Near term outlook driven by a calmer tone following reports that UK PM Truss and Chancellor Kwarteng are holding an emergency meeting today with the Office for Budget Responsibility (OBR).

August US headline PCE came in hotter than anticipated, up +6.2% vs. consensus for +6% forecast, but down from last month’s +6.3% reading. Core PCE (ex food/fuel) was also higher, up +4.9% vs. consensus and last month’s +4.7%. Today’s muted market reaction to a hotter inflation print reflects an understanding for the lagged nature of realized inflation data.

This morning, Fed Vice Chair Brainard reiterated the Fed’s commitment to inflation control, but was the first official in this cycle to highlight “the effects on activity and price setting in different sectors may occur with a lag.”  Brainard also took a small step back from the hawkish Fed message to acknowledge the tightening of financial conditions from dollar strength and noted that real yields in almost all maturities are now in positive territory/restrictive.

Other US data was generally softer than expected with September Chicago PMI falling into contraction territory and a downward revision in September final Michigan consumer sentiment.

Eurozone CPI came in hotter for a fifth straight month, but not quite as bad as feared and China PMI’s came in mixed. China also announced a relaxation of floor rates on mortgages for first home buyers, while the PBOC injected large scale liquidity ahead of the Golden Week holiday.

Geopolitical headlines are in focus as the US and EU prepare additional sanctions on Russia in response to Putin’s planned annexation of four Ukraine territories.

The S&P 500 (SPX) is in deep oversold territory and just beyond levels we saw prior to the +17% summer reflex rally. Equity sentiment is at record bearish extremes and large non-bank cash holdings provide a major backstop for both bonds and stocks.

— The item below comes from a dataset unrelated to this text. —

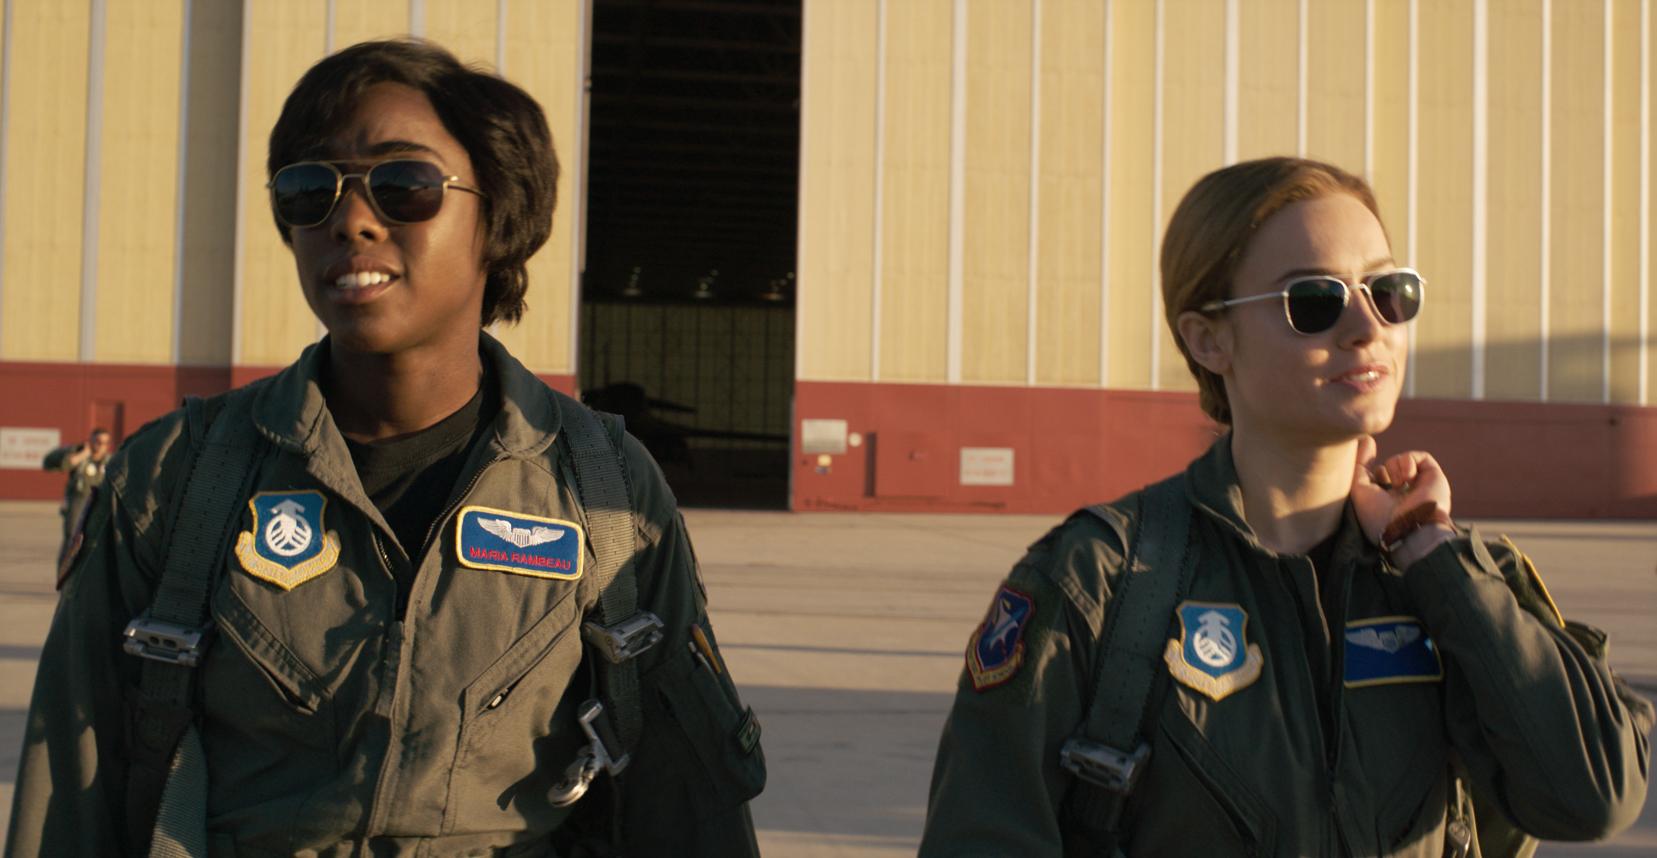 L to R: Maria Rambeau (Lashana Lynch) and Captain Marvel (Brie Larson)

Correlation between the two major asset classes has converged toward 1 and we expect an imminent reversal to occur in both markets simultaneously.  A reversal in the SPX will likely be preceded by a short period (1-2 days) of momentum dispersion or a capitulation trade with over-owned names cascading lower.  The former path is preferred because it’s more orderly and allows some time to add equity exposure.  The capitulation-based path is easier to identify and will likely include an intraday breach of strong technical support at ~3500 before reversing higher. Terminal rate expectations have been the dominant cross market for equities since late-Q1 and any reflex rally will likely follow a lower terminal rate.  The Fed’s updated dot plot from the September 21 meeting suggested March’23 rate ceiling of 4.50%.  Terminal rate expectations peaked on September 23 at 4.67% and have mean reverted to 4.46% today.  The distance below or above 4.50% will likely determine the near-term direction for the SPX.